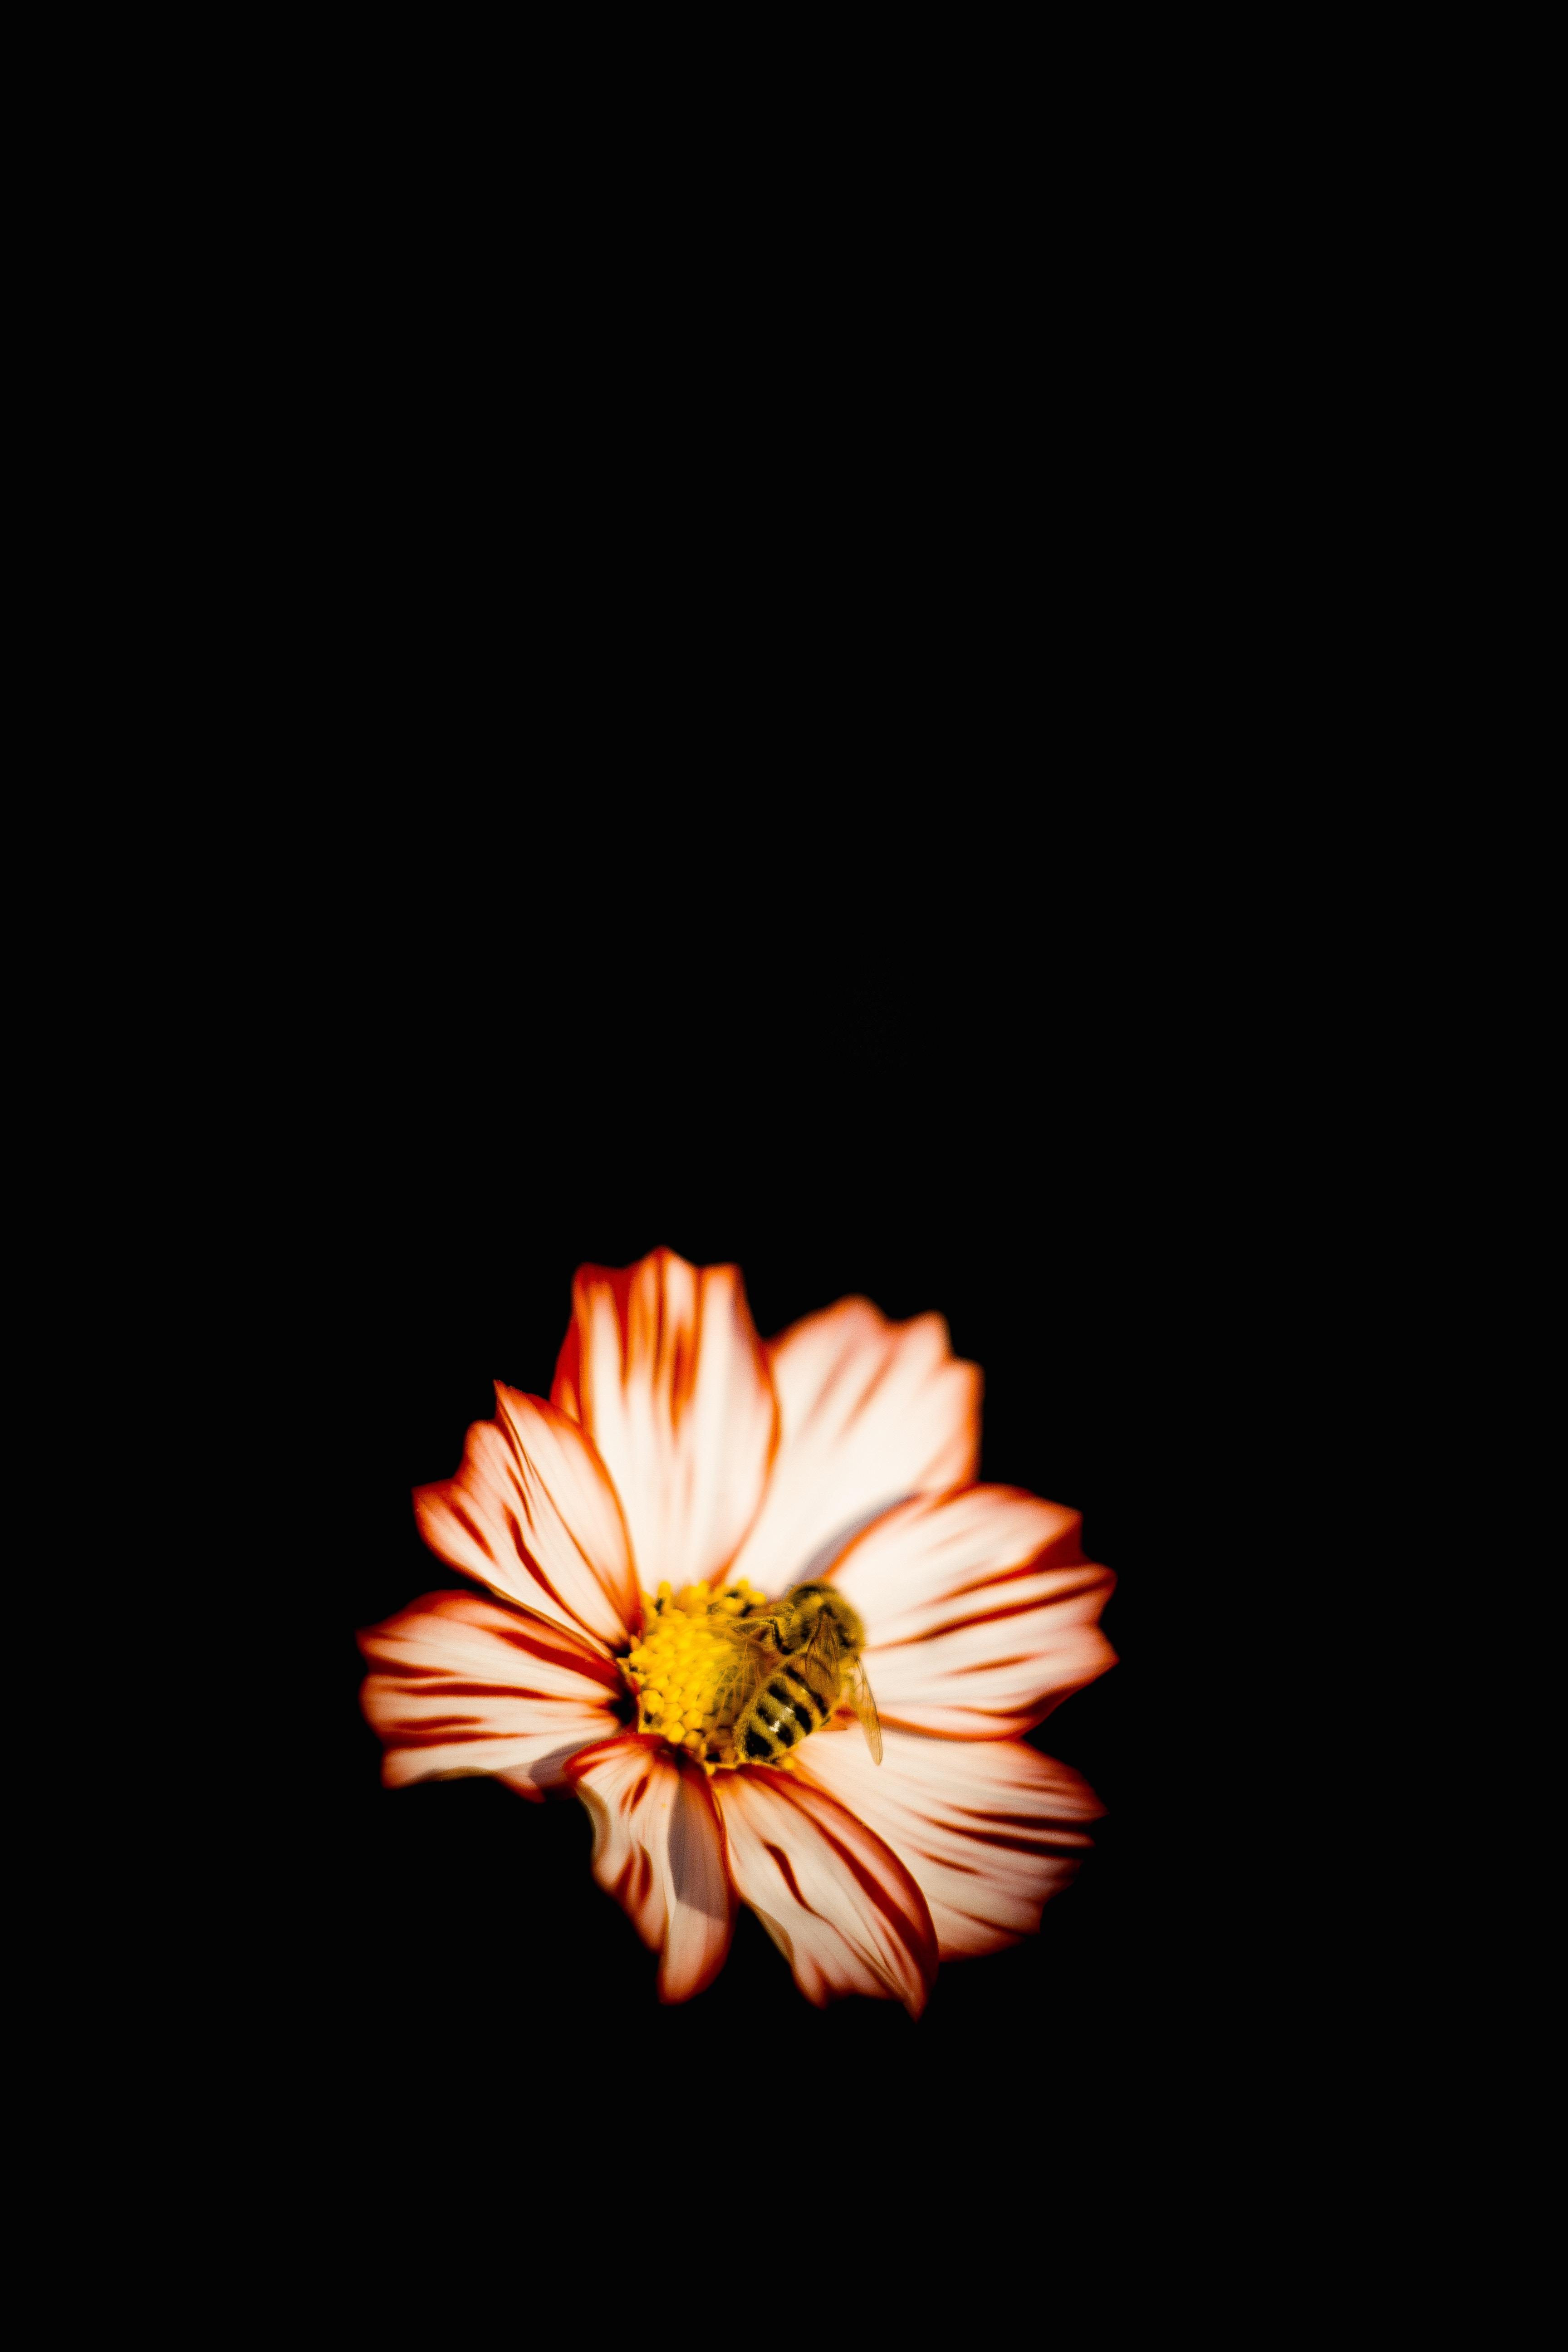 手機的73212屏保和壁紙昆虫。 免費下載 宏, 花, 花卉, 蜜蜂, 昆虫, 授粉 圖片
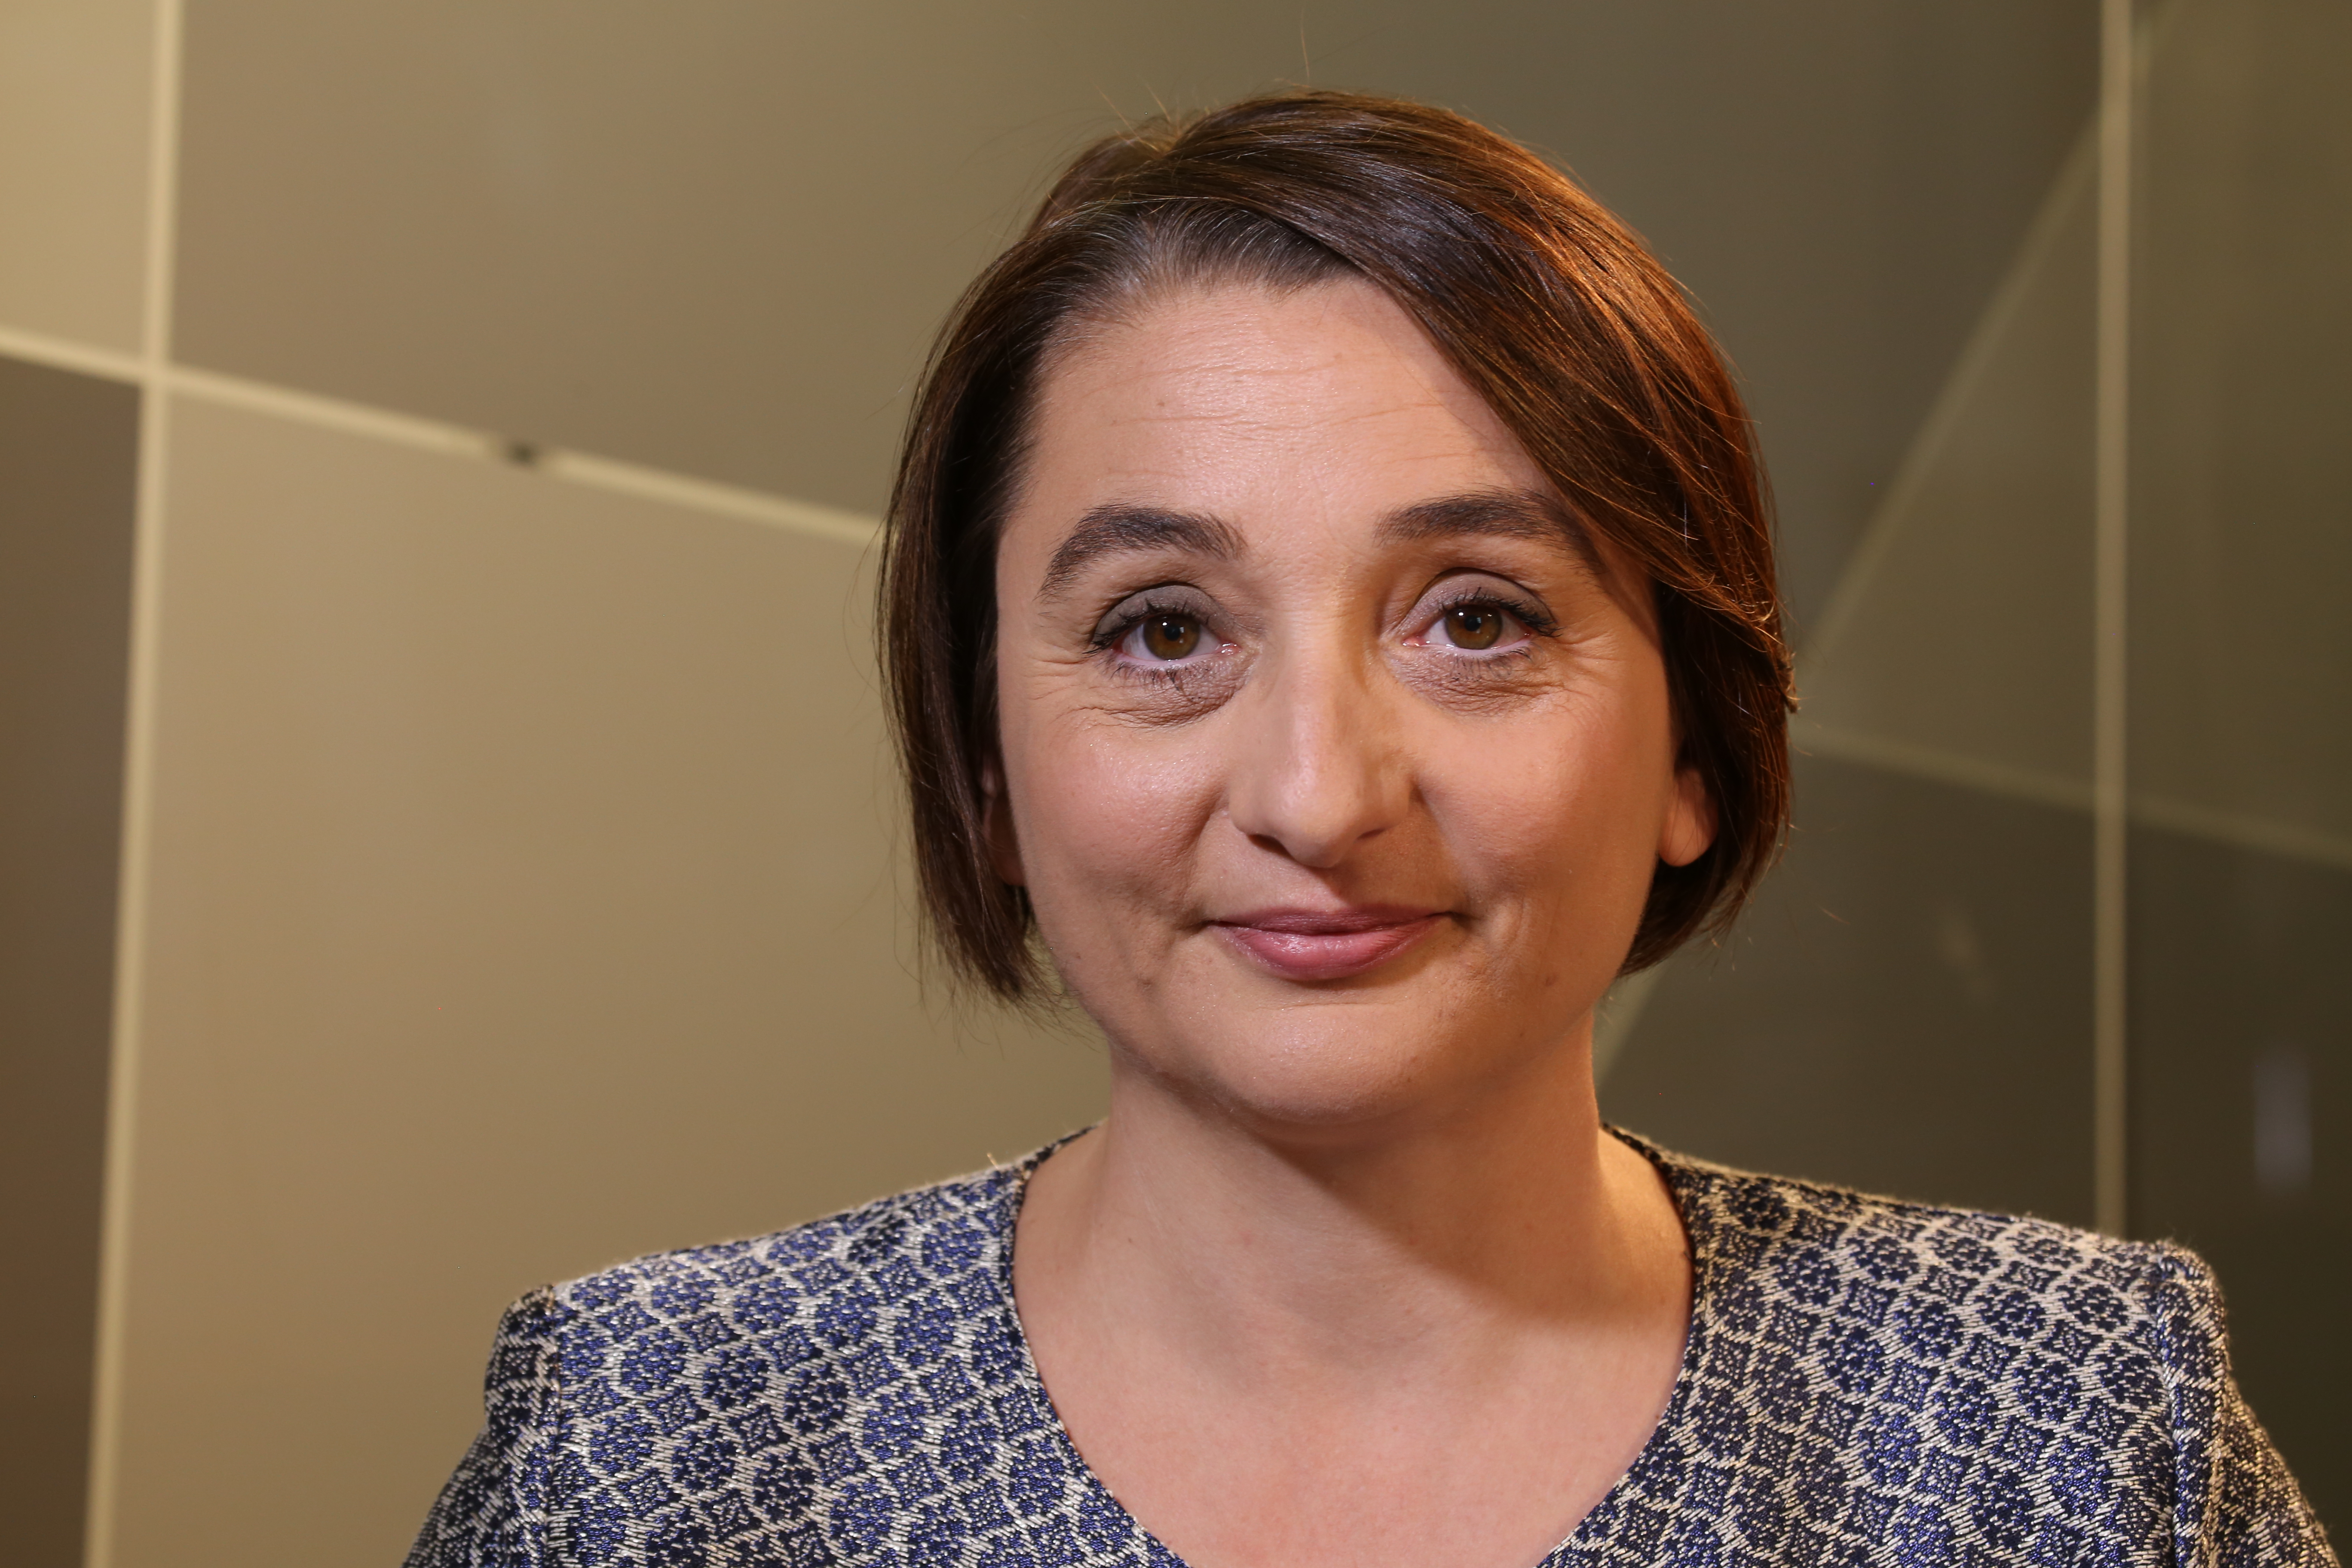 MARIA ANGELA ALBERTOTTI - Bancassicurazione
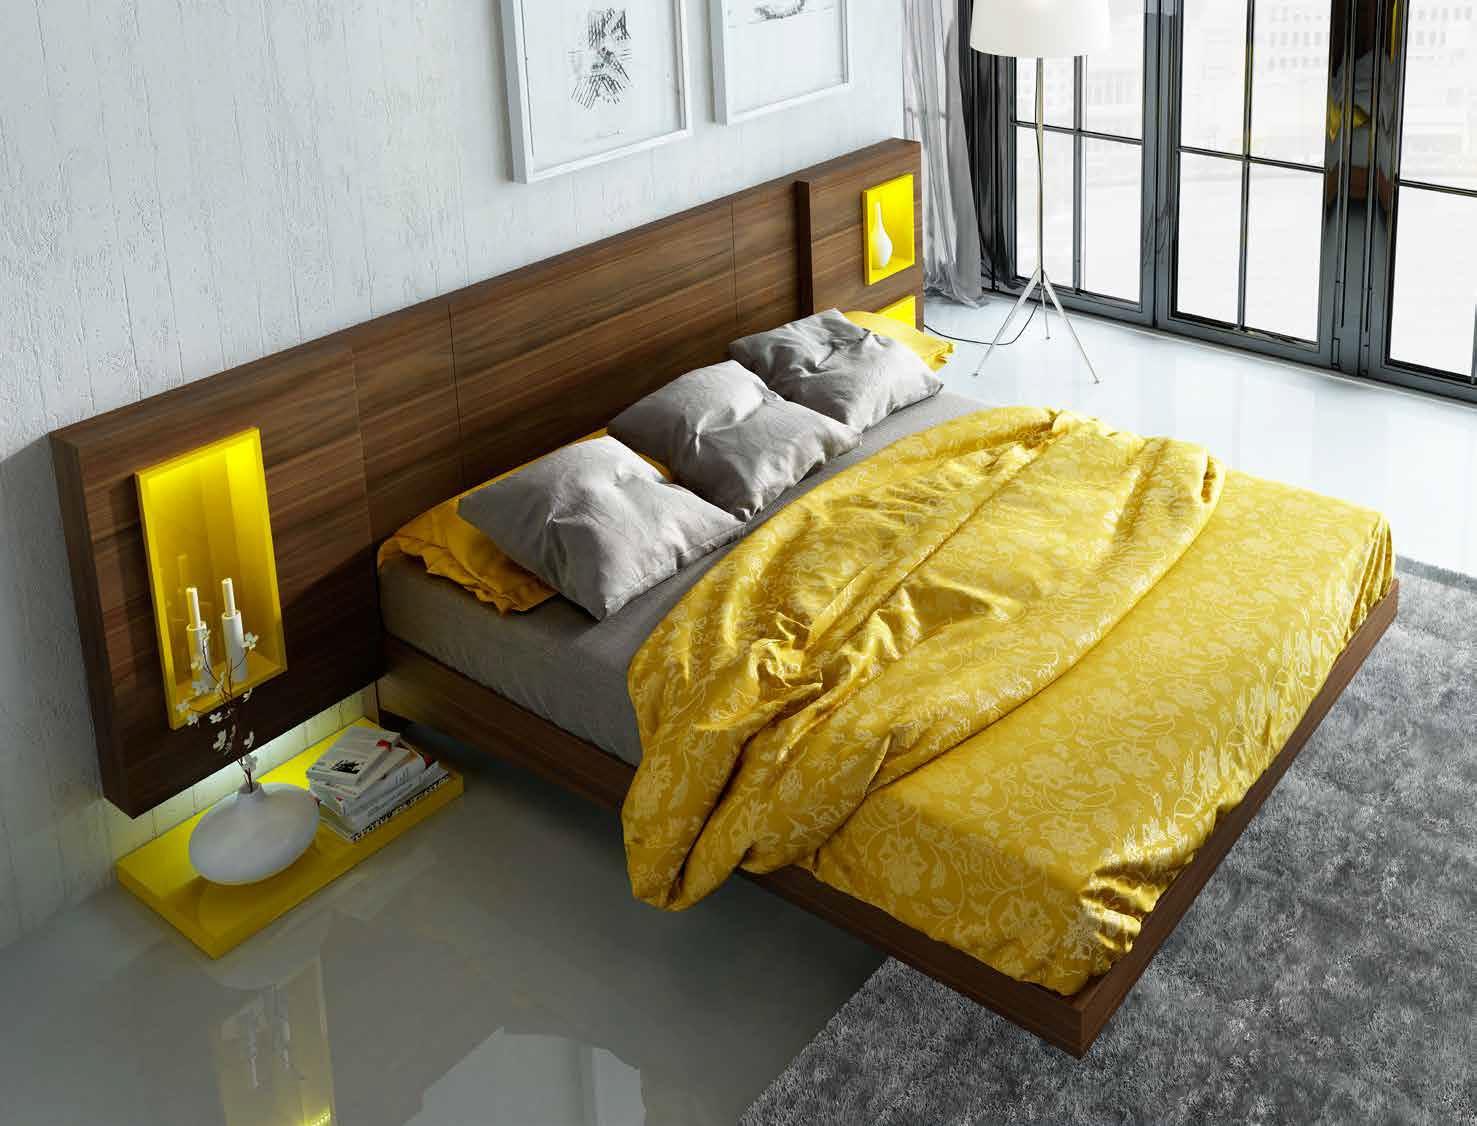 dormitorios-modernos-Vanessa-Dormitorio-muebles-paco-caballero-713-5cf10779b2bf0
..............................
Exercise instructions: Without the pictures, print the whole listing exactly as given.

Result below:
 手機的73212屏保和壁紙昆虫。 免費下載 宏, 花, 花卉, 蜜蜂, 昆虫, 授粉 圖片
 MARIA ANGELA ALBERTOTTI - Bancassicurazione
 dormitorios-modernos-Vanessa-Dormitorio-muebles-paco-caballero-713-5cf10779b2bf0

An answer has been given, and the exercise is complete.